2.1. Analysis and selection of risk factors
2.1.1. Analysis of FNOF risk factors
OP is usually characterized by decreased bone mass and degenerative changes in microstructure, which results in loose texture, reduced support strength, increased brittleness and high vulnerability to external forces. According to the research, the occurrence of OP is related to the patient's gender, race, family genetics, medication status, physical status (weight, height, exercise ability, etc.), nutritional status (occurrence of vitamin C, D, calcium, protein deficiency) and living habits (smoking, drinking, long-term caffeine drinking, physical activity frequency, etc.) [17]. Female patients are also closely related to menopause. At the same time, long-term use of steroids (such as glucocorticoids), anticoagulants (such as heparin), diuretics and/or anticonvulsants, or the occurrence of diabetes, thyroid dysfunction, cystinuria and/or other diseases also makes them prone to OP.
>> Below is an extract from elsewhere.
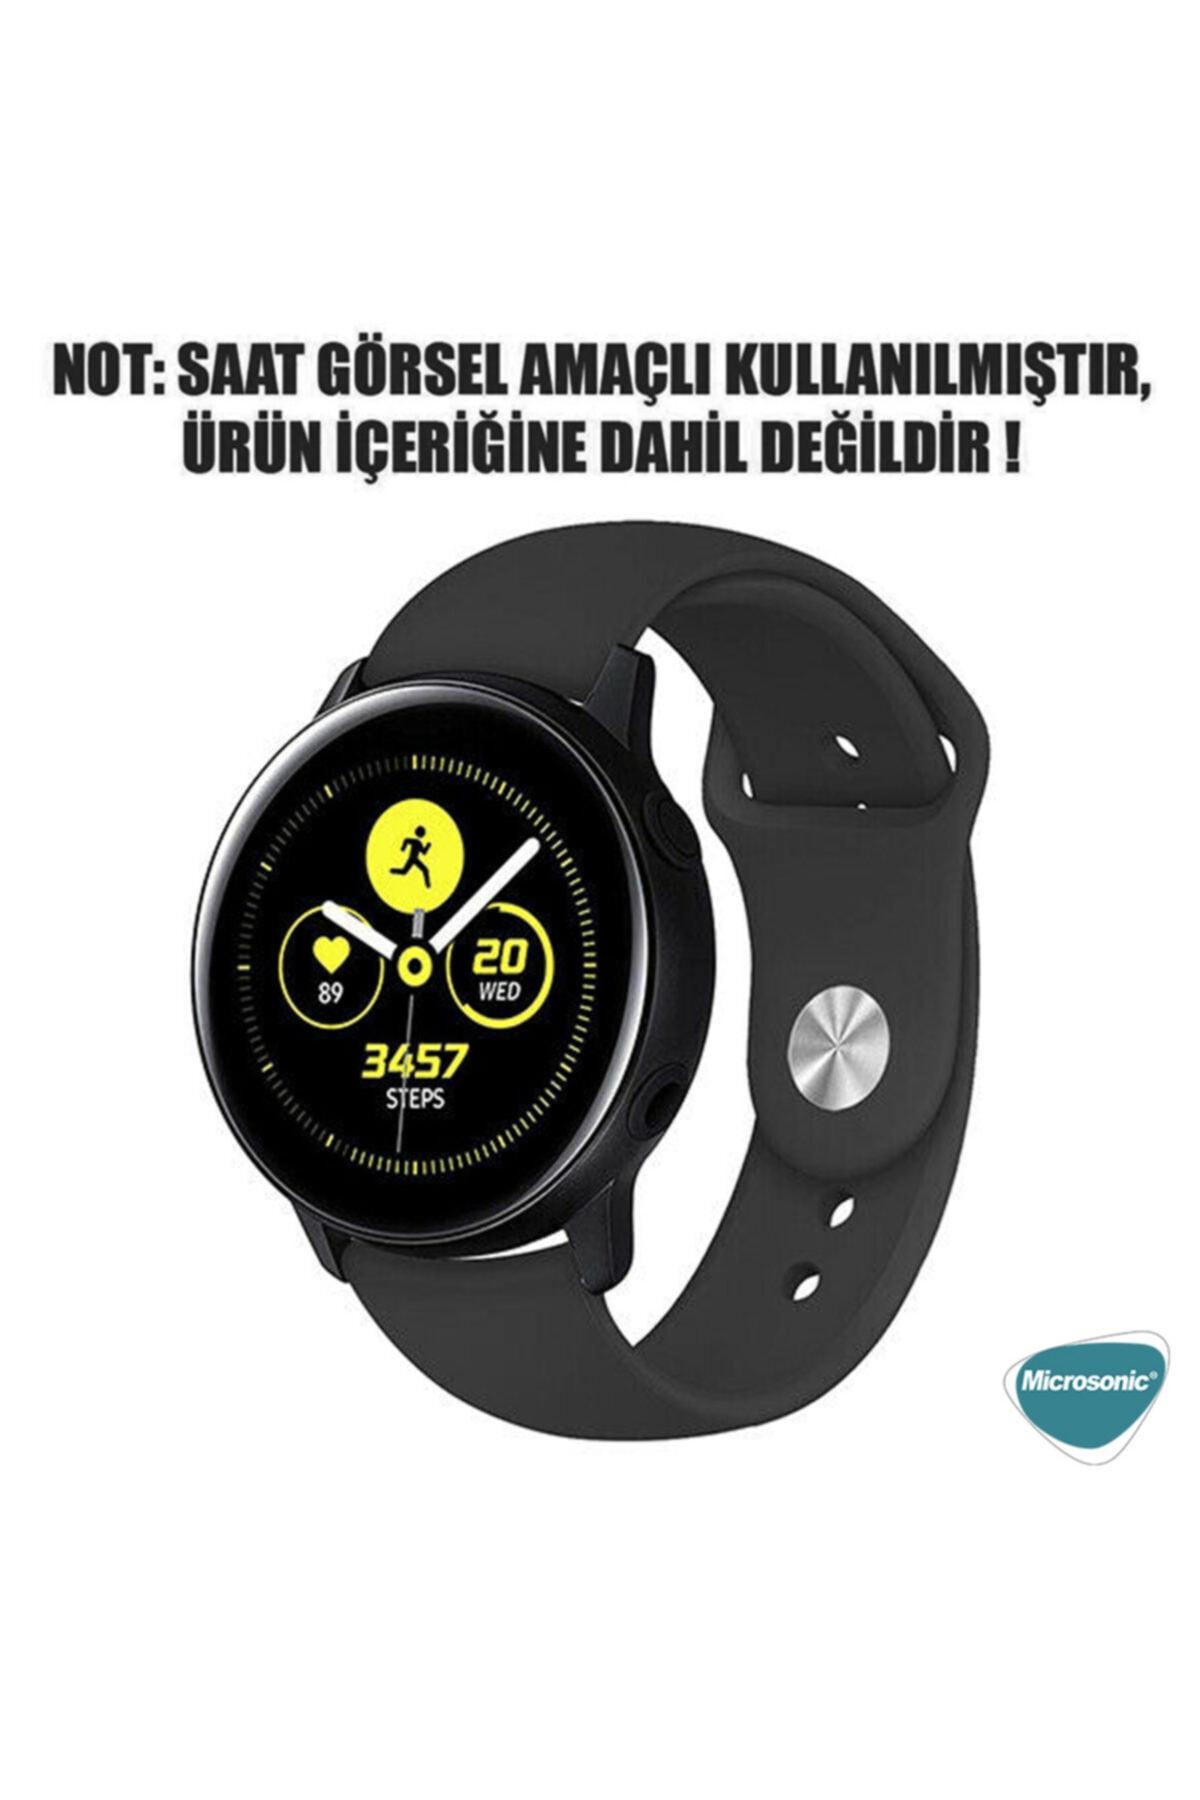 Microsonic Huawei Watch Gt2 Pro Uyumlu Silicone Sport Band Sarı 2

The occurrence of OP is the main cause of FNOF, but, at the same time, FNOF is affected by the quality and mechanical structure of the femoral neck itself. In the early stage, there are mainly phenomena such as bone mass reduction and bone microstructure degradation. Patients are vulnerable to external forces or sudden changes in daily activities. Among them, bone loss is mainly manifested by abnormal loss of the bone minerals and matrix. The degeneration of bone microstructure is manifested by the loose fracture of bone trabeculae. The patient's weight, history of falls, whether the hip joint is deformed (coxa vara or coxa valgus), history of hip joint trauma and other factors reflect the changes in the mechanical structure of the patient's hip joint. Generally, the greater the patient's weight, the greater the force on the femoral head, but some studies have shown that patients with heavier weight are usually stimulated by their own weight, and their bone mass is relatively more [18]. Therefore, it should be comprehensively evaluated in combination with their weight and patient bone mass. The femoral neck stem angle (FNSA) refers to the angle between the longitudinal axis of the femoral shaft and the inner and lower parts of the femoral neck axis; it can affect the force transmission during exercise. It is normally between 110° and 140°, and can gradually decrease with age [19]. When less than or greater than the normal range, it is manifested as coxa vara or coxa valgus, respectively, and thus changes the mechanical structure of the femoral neck; for example, hip varus can reduce the number of compressive and pressure-resistant bone trabeculae in the femoral neck, thereby increasing the hidden danger of FNOF.
2.1.2. Selection of FNOF assessment factors
Thirteen items were selected and included in the FNOF assessment factor set based on expert argumentation. As shown in Table 2, for the analysis of FNOF risk factors, gender, family genetic history of OP, body mass index (BMI), exercise ability, nutritional status, living habits, exercise habits, medication history, past medical history, fall history, development status, trauma history and femoral neck quality grade were selected as evaluation factors.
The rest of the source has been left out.